Sokurov obviously has a message to share through his reinvention of Faust. In one of the scenes Faust visits another doctor who runs a very successful practice in the town. The secret to his success is his sensibility to applying just the right kind of treatment so desired by his patients. According to Sokurov, the intellectual elite are in decline as their insight is undermined by the outgrowing consumerist market. Faust’s expertise is unwanted and unnecessary as it goes against the popular concepts. His blind certainty in science pushes him to the extremes and compels him to deny God or any form of the supernatural. Sokurov criticises him for that. He surrounds his main character with the mystique of nature and presents him with the angelic countenance of Margarete, but the man still cannot see below the surface. In the end his ignorance, as is the case for so many characters, is his undoing.
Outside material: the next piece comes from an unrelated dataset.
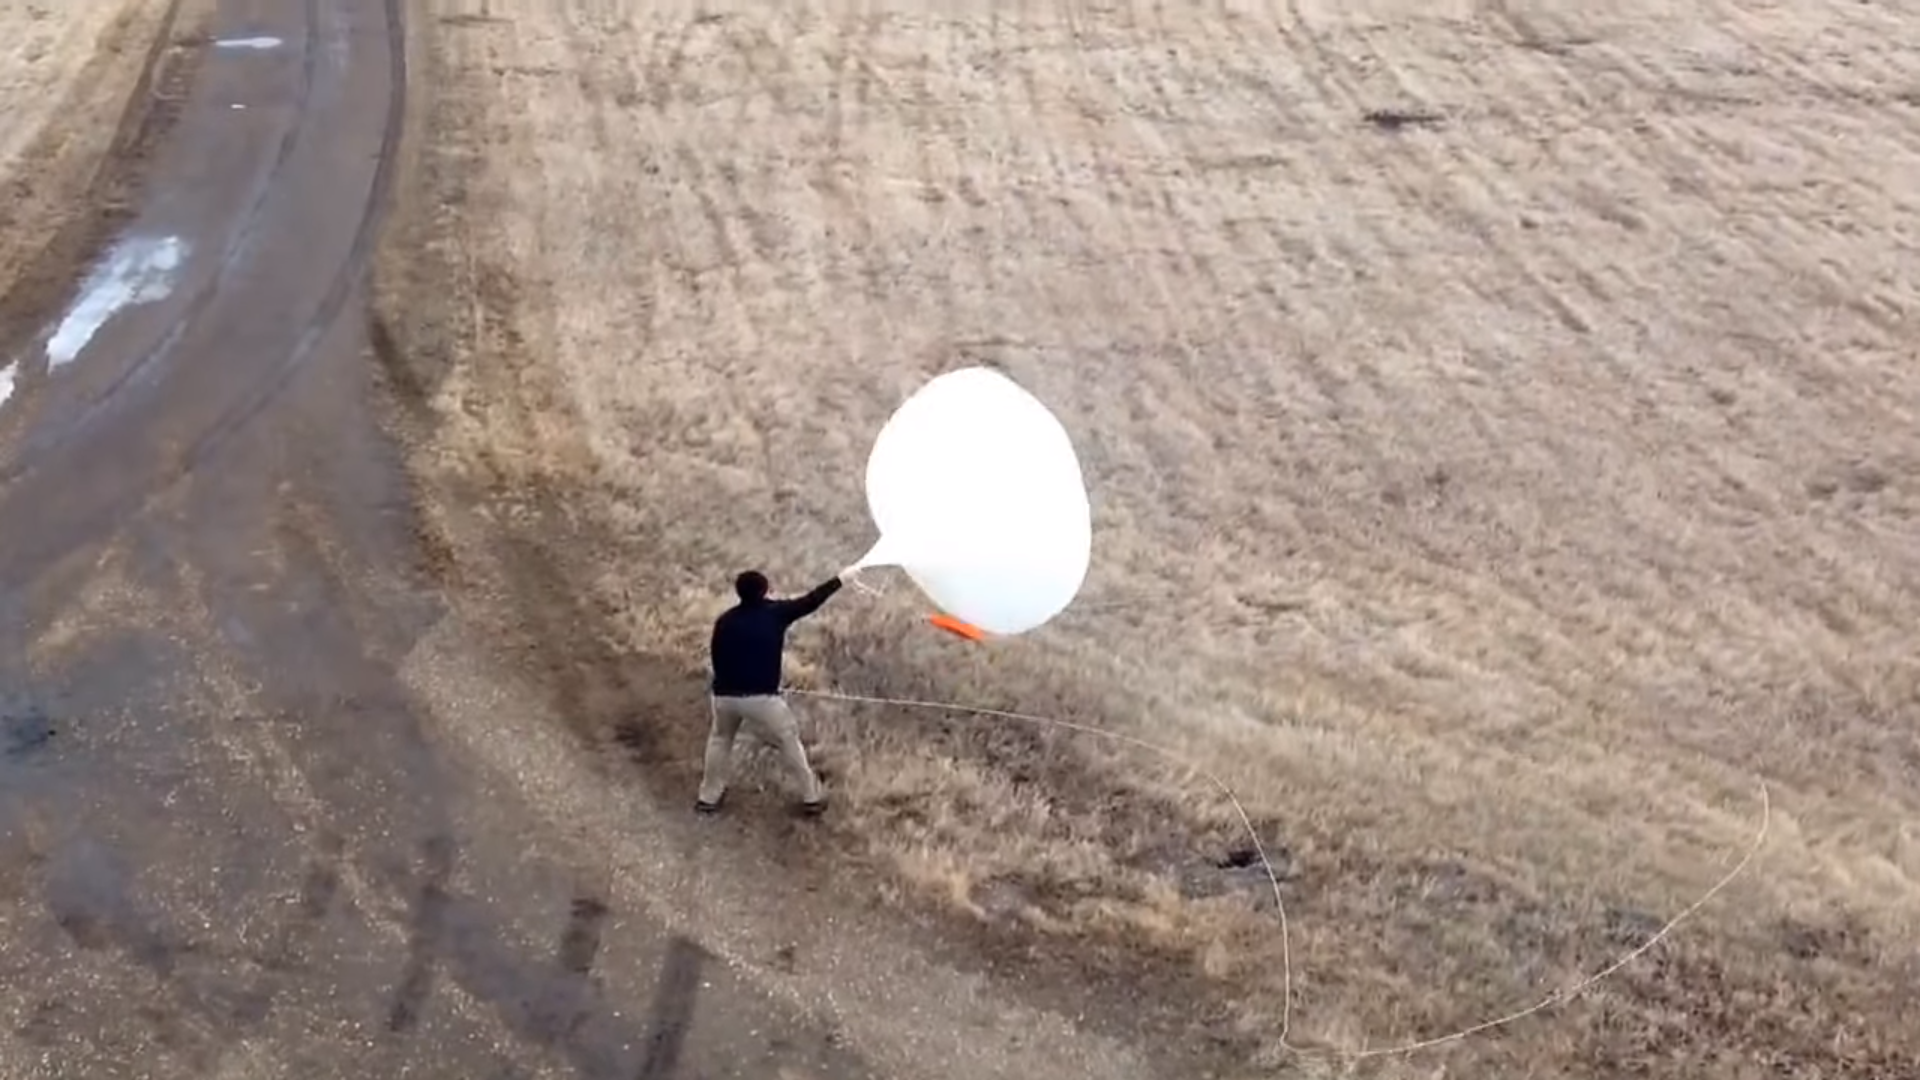 In very windy conditions, Forecaster Michael Matthews launches a weather balloon from the Weather Forecast Office in Bismarck, North Dakota.

Sokurov’s theme of spirituality vs. science brings us back to the aforementioned point about the festival’s political correctness. The director’s objection towards a consumerist society is clichéd to say the least. Even more, the director makes some astounding assumptions that people’s vain consumerism is the outcome of a spiritual decline which will lead us to atheism and nihilism. His distrust in science comes from a conviction that no scientific formula can describe artistic sensibilities. The jury of the festival stands in full support of Sokurov’s view, no matter how tiresome and over-prudent the perception of spiritual superiority over science might be. But what matters for Viennale is that Sokurov’s film is a poster child for cinema d’auteur. Through the film’s audacious aesthetics, non-linear storytelling, and artistic inter-textuality the festival board proves that they are still able to recognise ‘real’ cinema. And that creates an interesting paradox – Viennale fulfils Sokurov’s prophecy of artistic decline precisely by awarding his film with the main prize.